To exercise rights, contact [email protected]. We may need to verify your identity.

12. Children's privacy

The Services are not intended for children under 16 (or the age required by local law). We do not knowingly collect personal data from children.

13. Third-party services and your responsibilities

• You are responsible for complying with your email provider policies when connecting your mailbox.
• If you enable third-party AI providers, their privacy practices apply to the data you choose to send. Review Anthropic and Google policies (or your self-hosted provider terms) before enabling.
• Links to external websites are governed by their own privacy policies.
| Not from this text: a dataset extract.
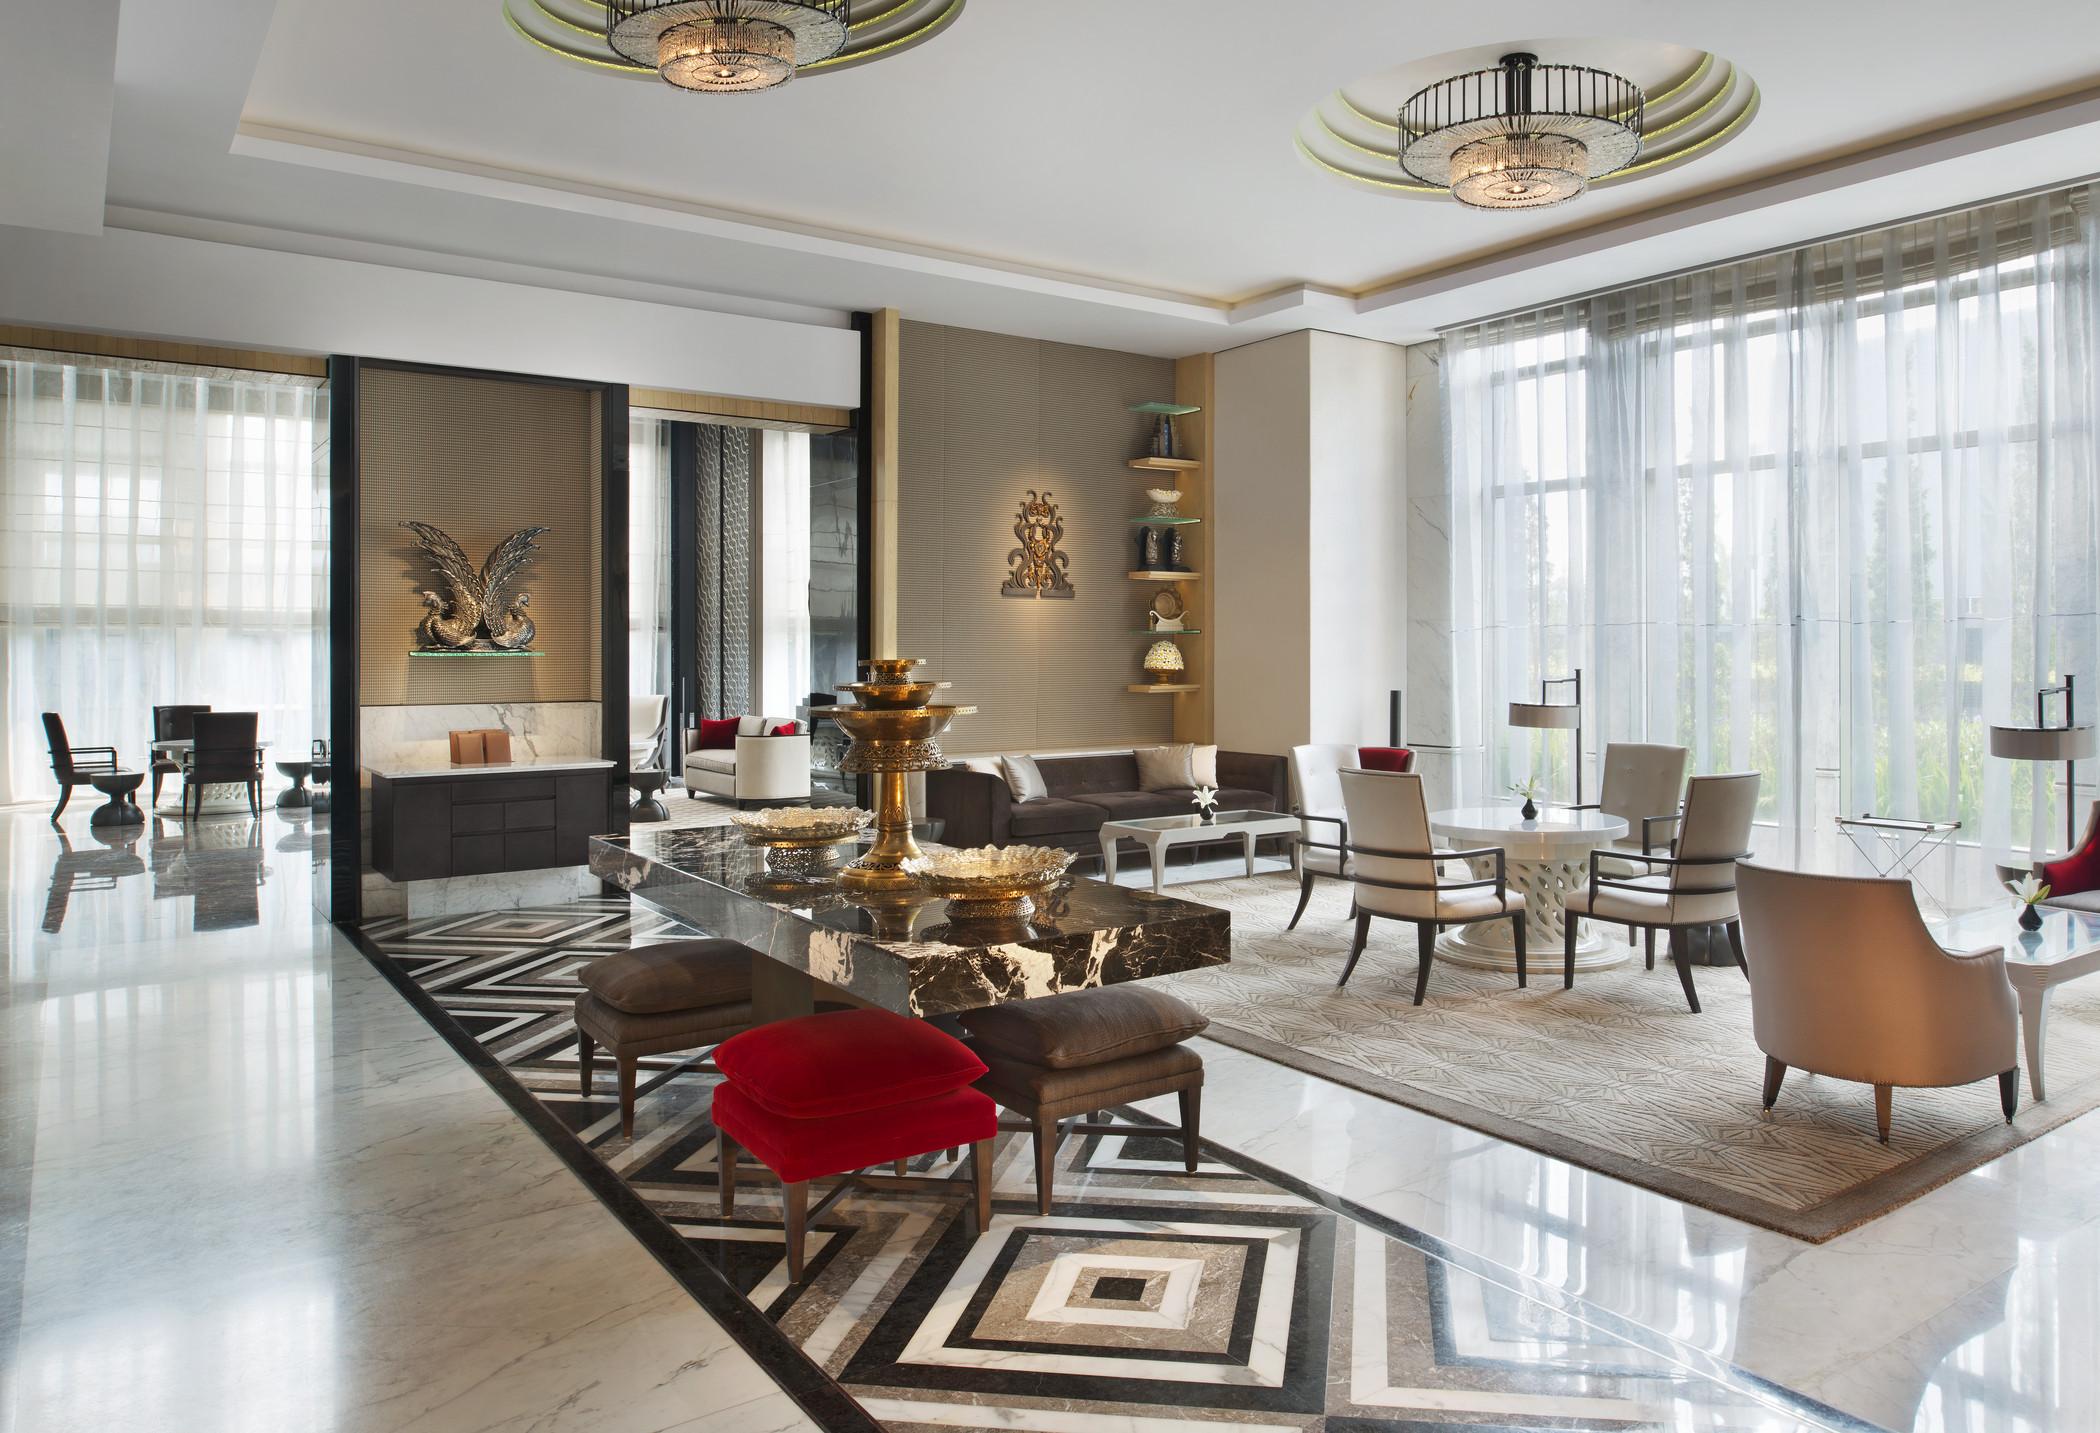 Suasana Keraton Lounge yang mirip ruang tamu di rumah.

14. Changes to this policy

We may update this Privacy Policy periodically. Changes will be posted within the Services with an updated Last updated date. Significant changes may be communicated by additional notice.

15. Contact

• Email: jan[at]jleibl[dot]net
• Controller/Address: Jan-Marlon Leibl, Lower Saxony, Germany

Additional implementation details

• Auth token cookie name: zinq_auth_token (HTTP-only, SameSite=Lax, Secure in production).
• Optional analytics: Google Tag Manager or Analytics 4 scripts are injected in production builds only.
• Optional AI providers (configurable per user): Anthropic Claude, Google Generative AI, or a self-hosted Zinq AI or OpenWebUI endpoint.
• Persistent server-side storage (SQLite): user settings (including AI provider keys you choose to store) and optional AI metadata per email (summary, categories, intent).
• Email operations use your configured IMAP or SMTP servers via ImapFlow and Nodemailer.